WHAT YOU SHOULD DO: Each record that comes next should be output exactly; pictures do not belong in the copy.

Records from a dataset
- - -

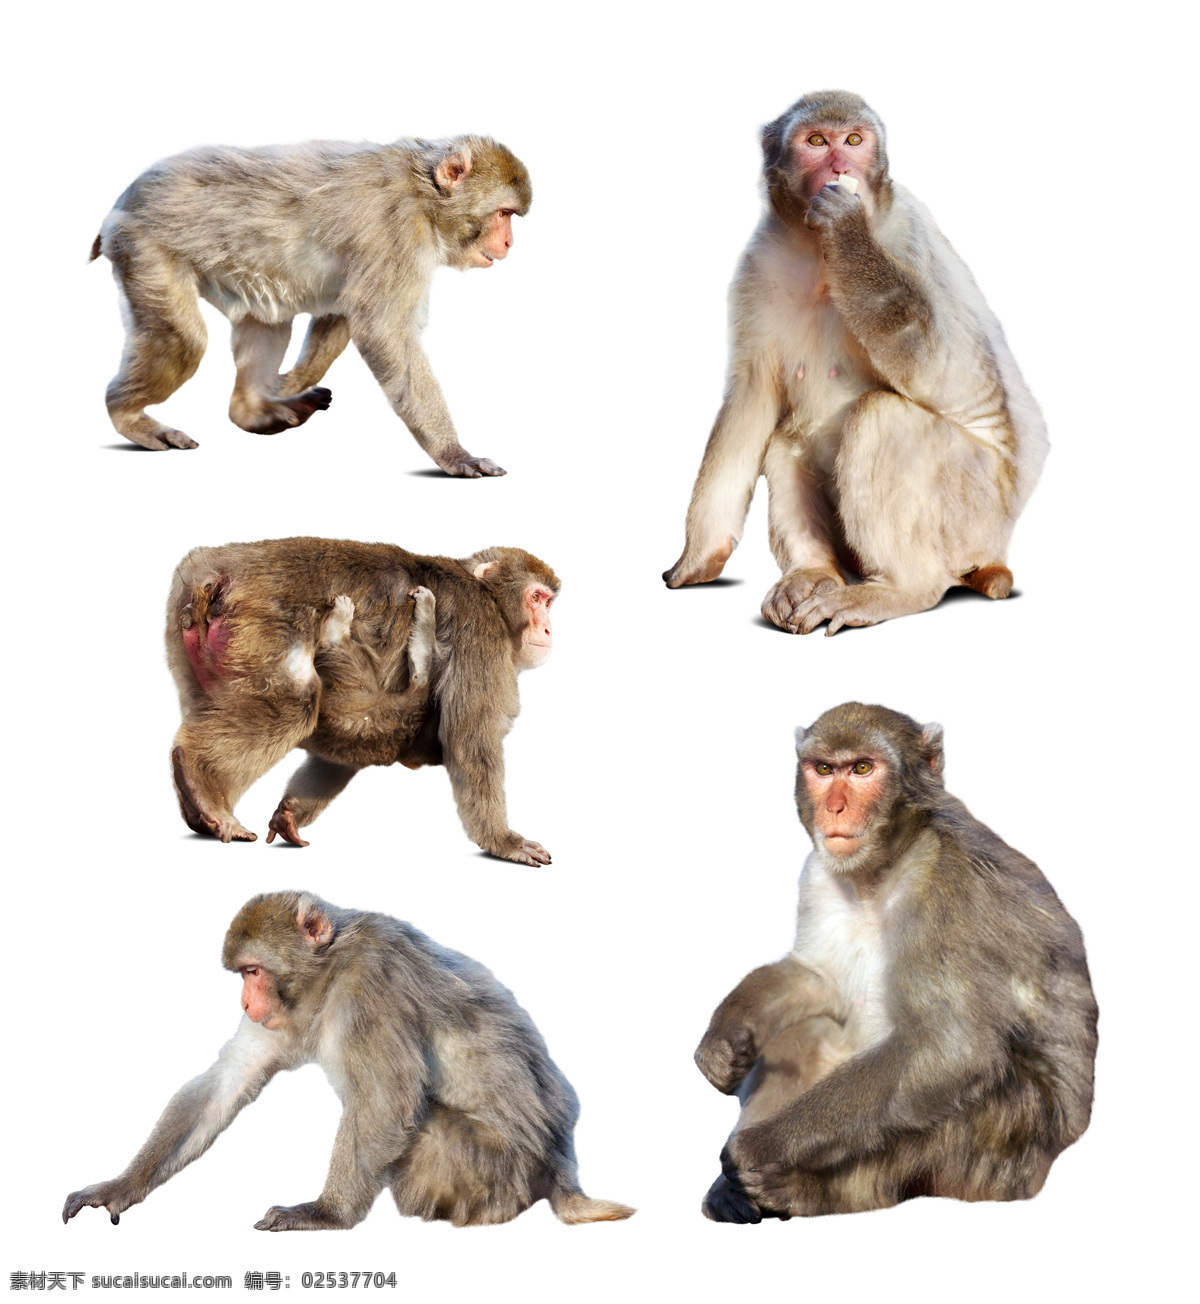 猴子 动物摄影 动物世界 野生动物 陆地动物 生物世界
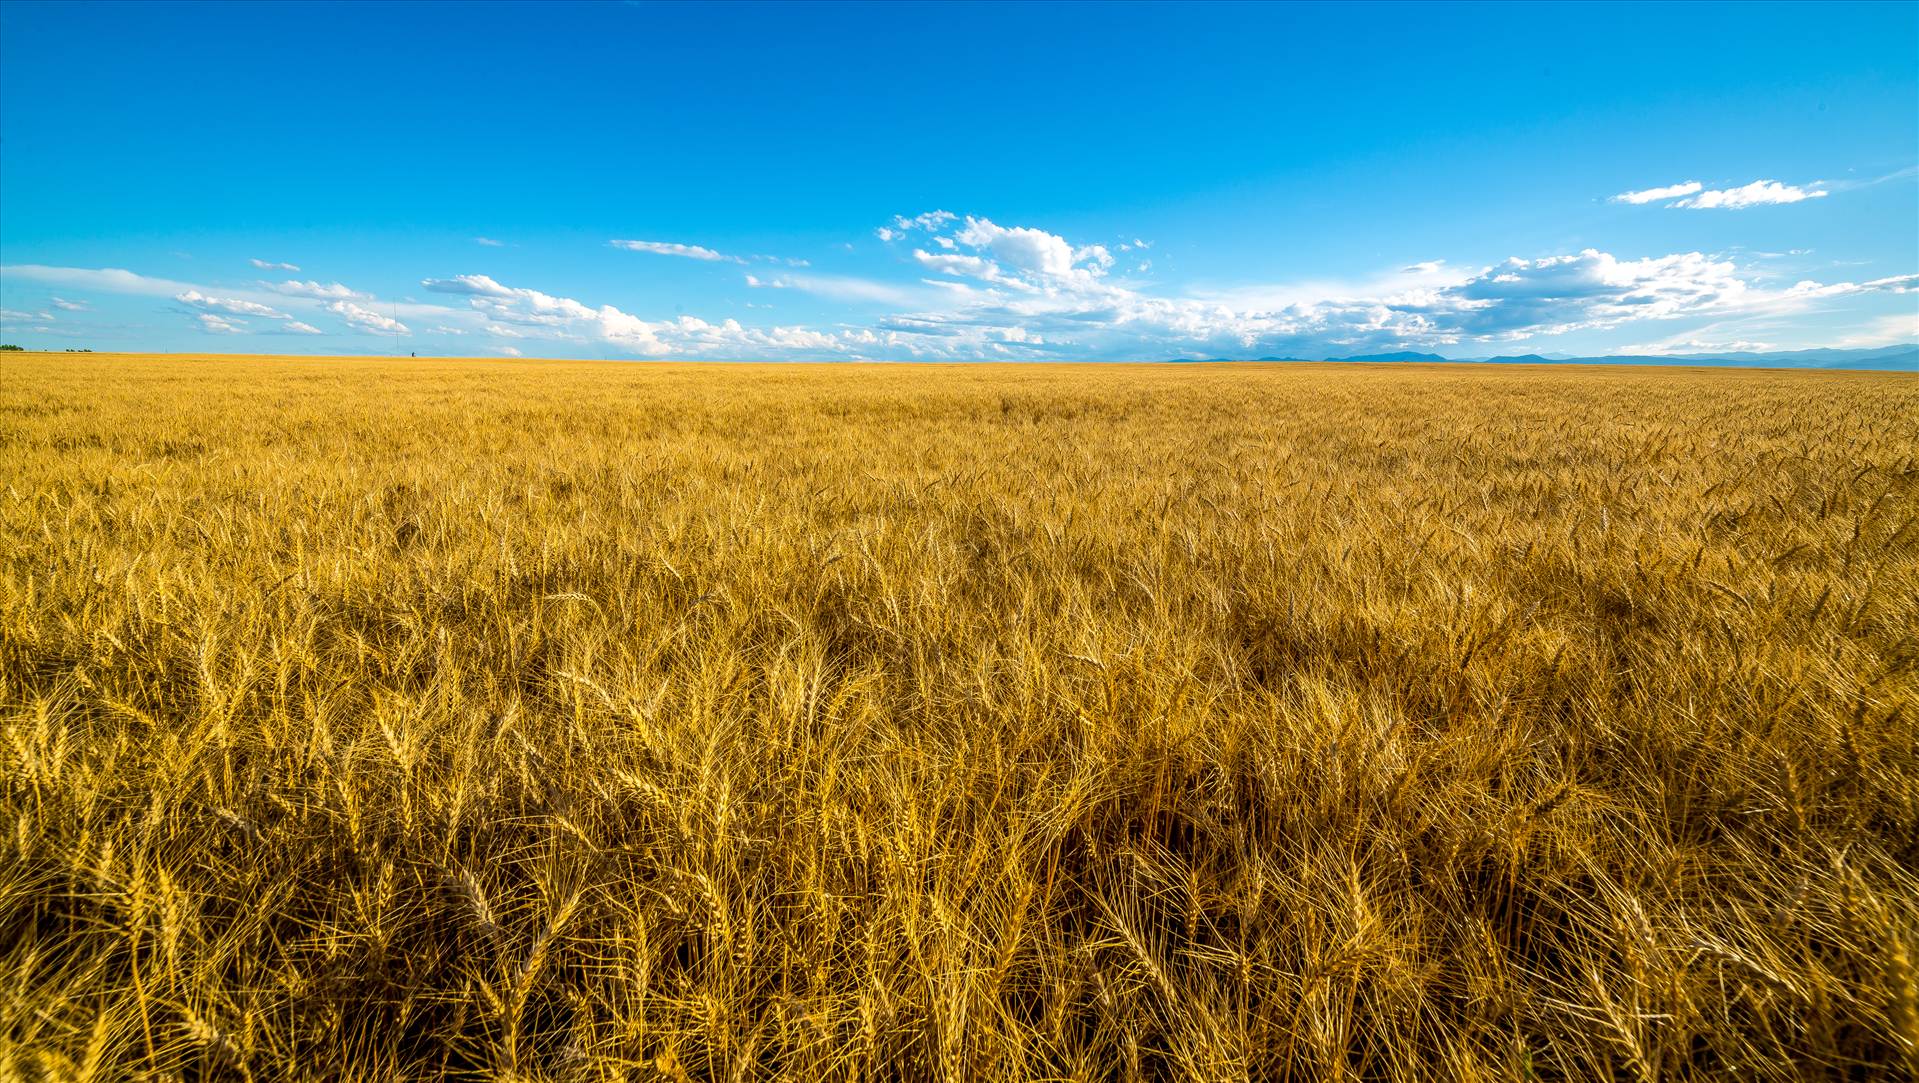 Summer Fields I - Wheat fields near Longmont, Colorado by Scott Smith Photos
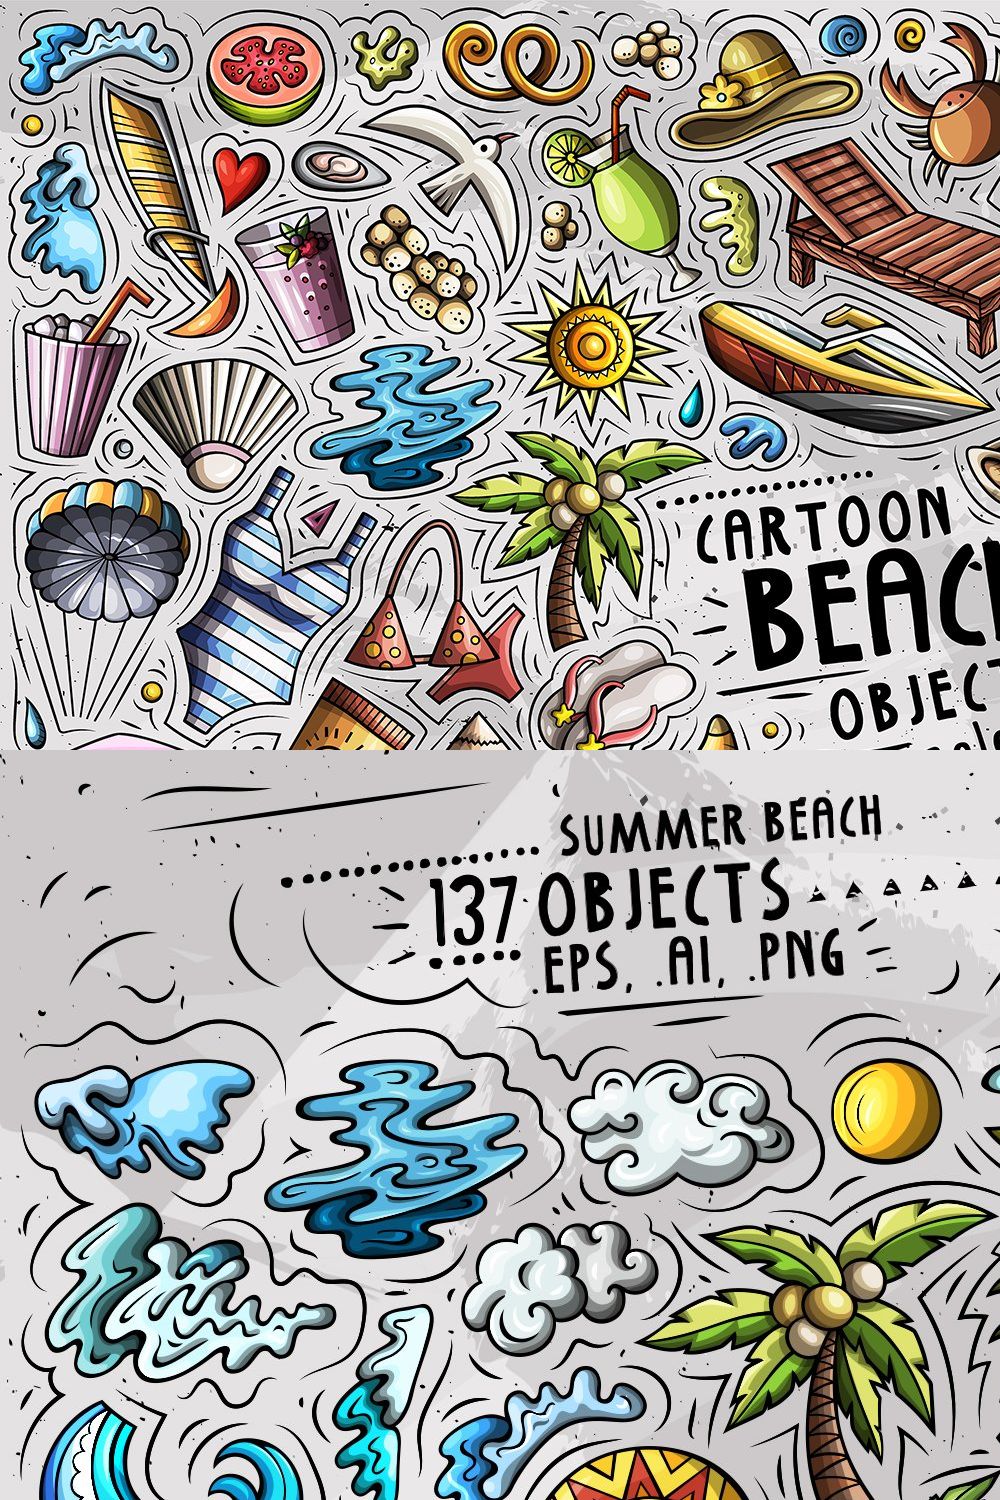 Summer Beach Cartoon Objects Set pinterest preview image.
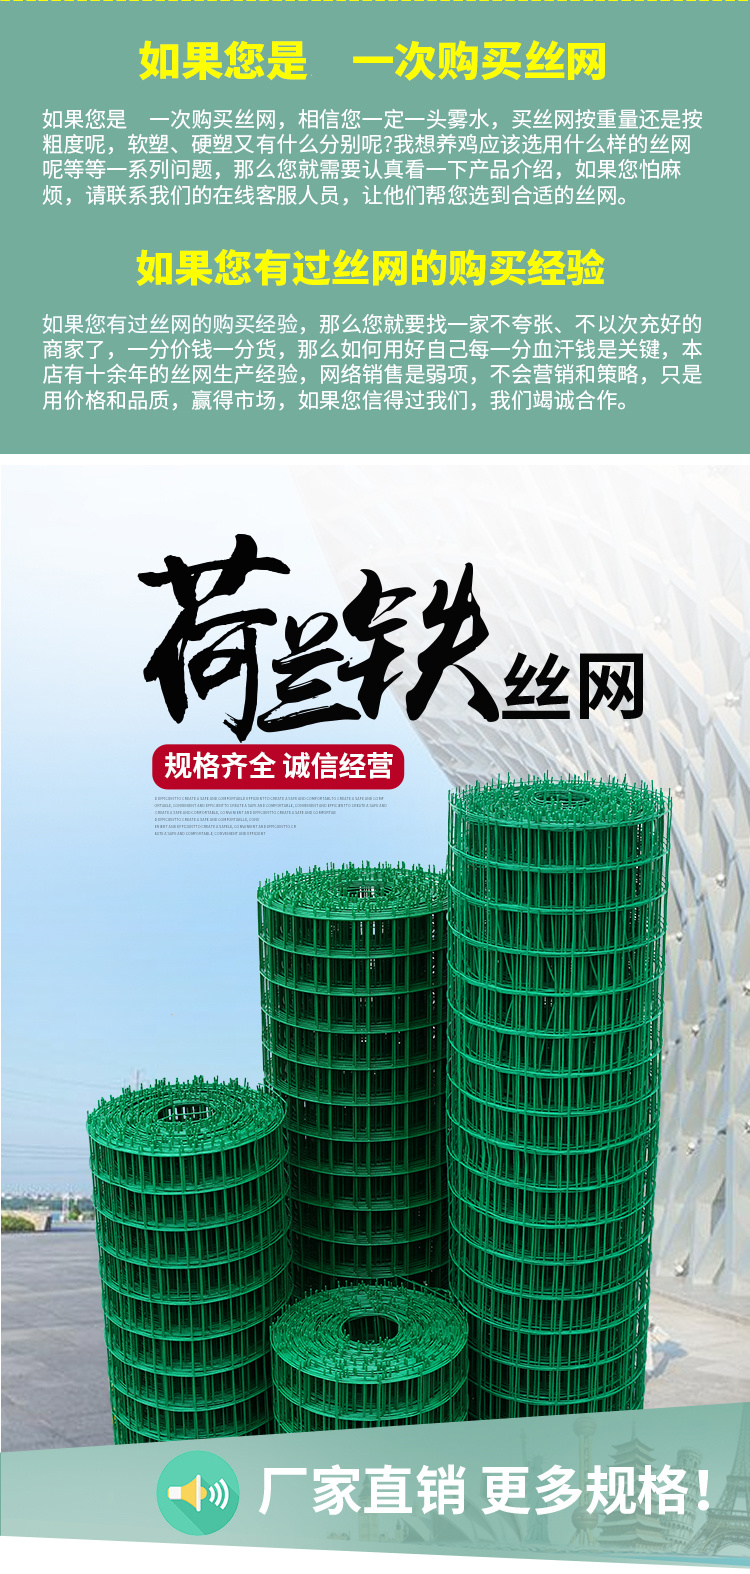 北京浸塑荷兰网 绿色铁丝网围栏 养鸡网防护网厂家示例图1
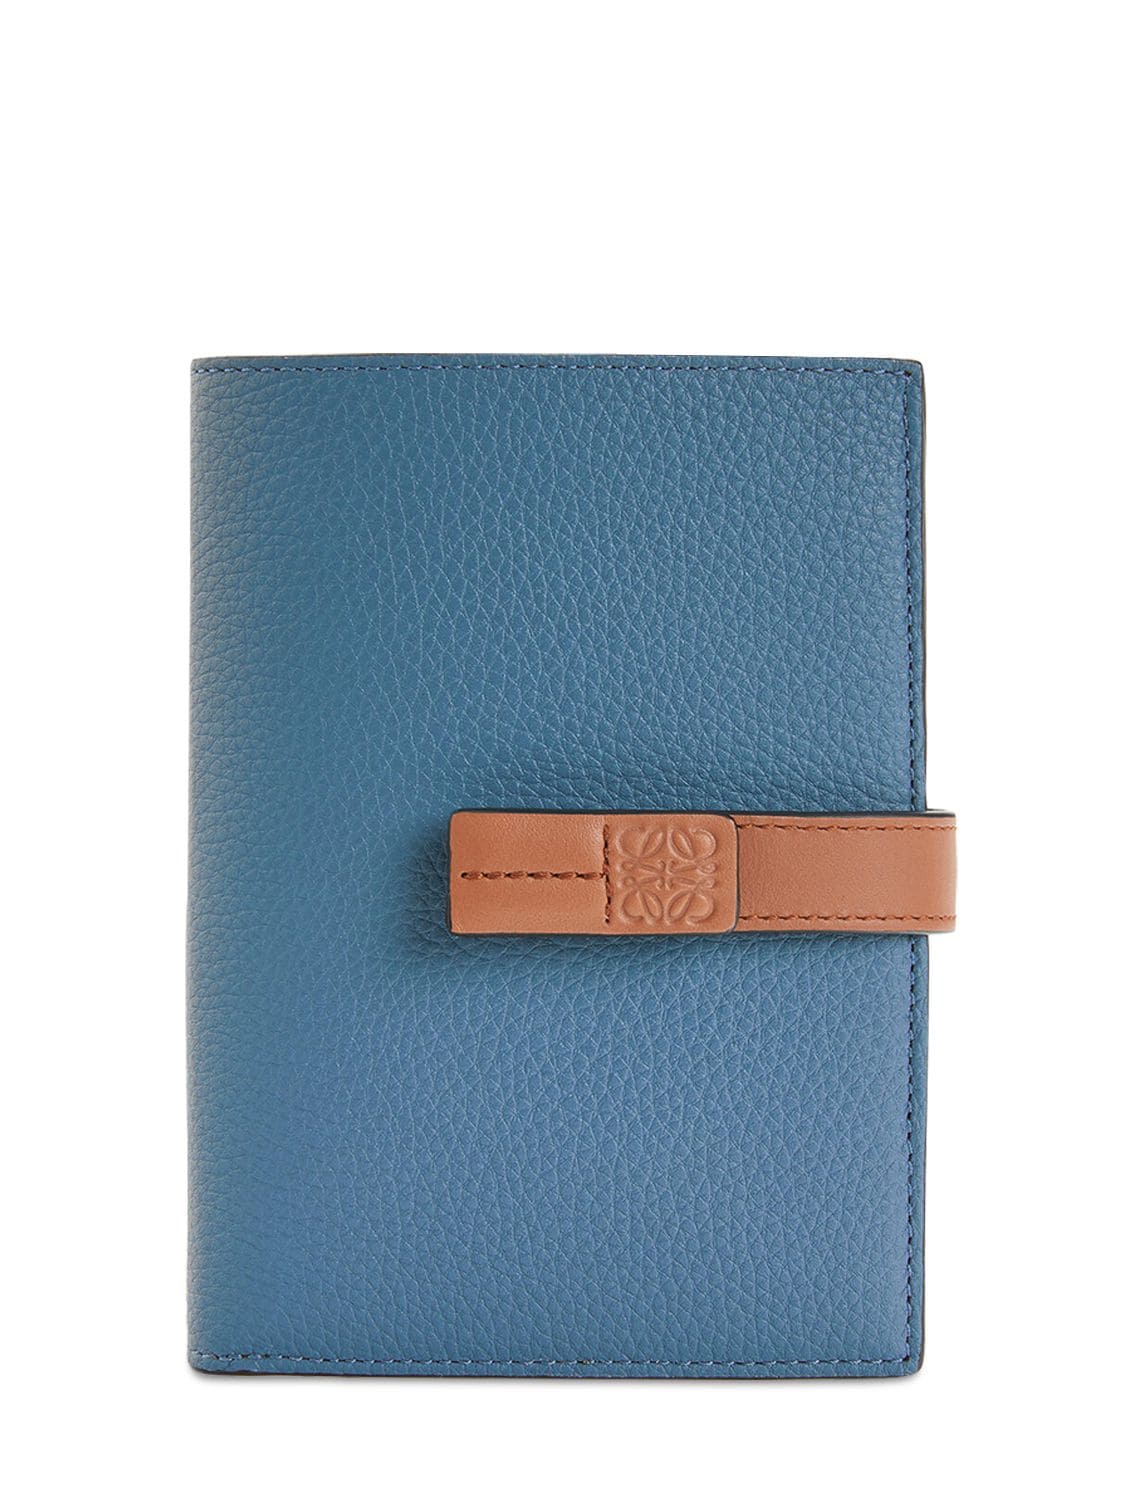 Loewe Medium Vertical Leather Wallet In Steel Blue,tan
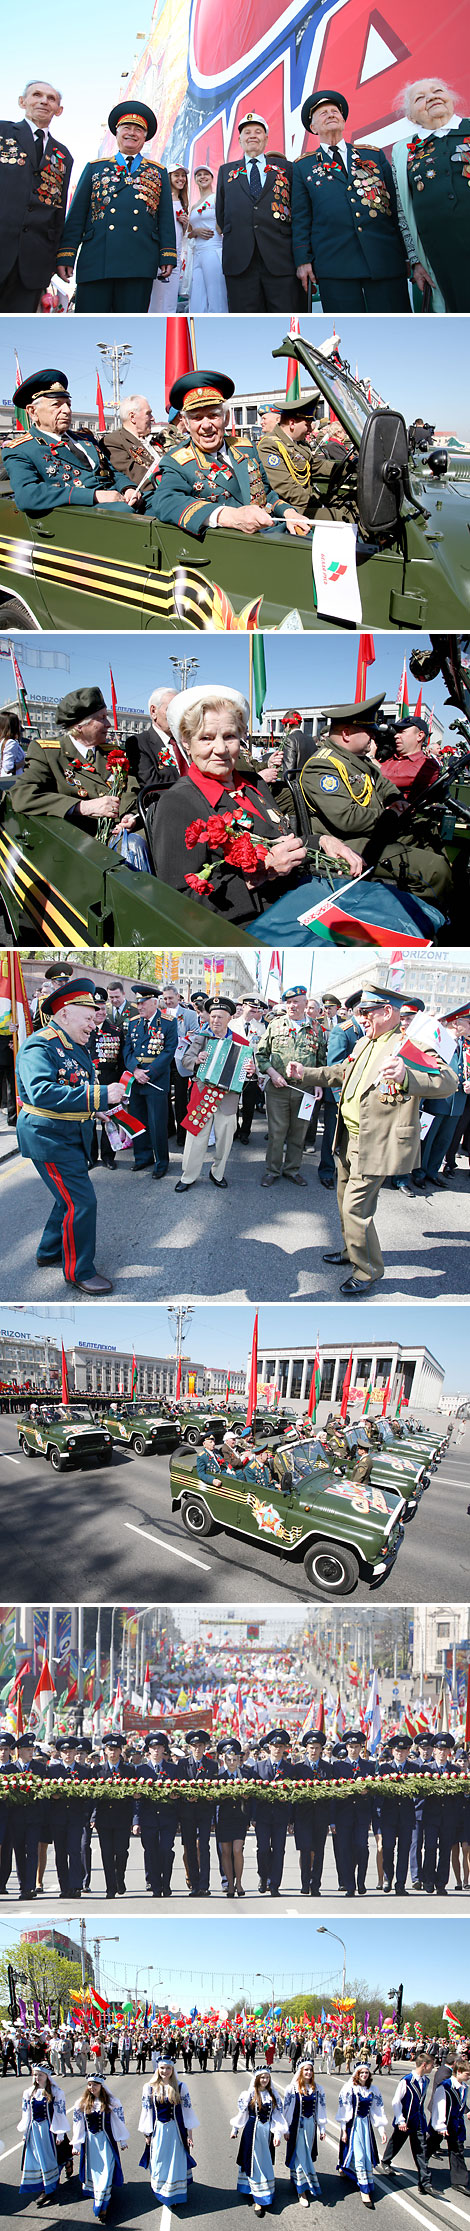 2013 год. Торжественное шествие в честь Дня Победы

- - -

ANSWER TO THIS EXERCISE:
 猴子 动物摄影 动物世界 野生动物 陆地动物 生物世界
 Summer Fields I - Wheat fields near Longmont, Colorado by Scott Smith Photos
 Summer Beach Cartoon Objects Set pinterest preview image.
 北京浸塑荷兰网 绿色铁丝网围栏 养鸡网防护网厂家示例图1
 Loewe Medium Vertical Leather Wallet In Steel Blue,tan
 2013 год. Торжественное шествие в честь Дня Победы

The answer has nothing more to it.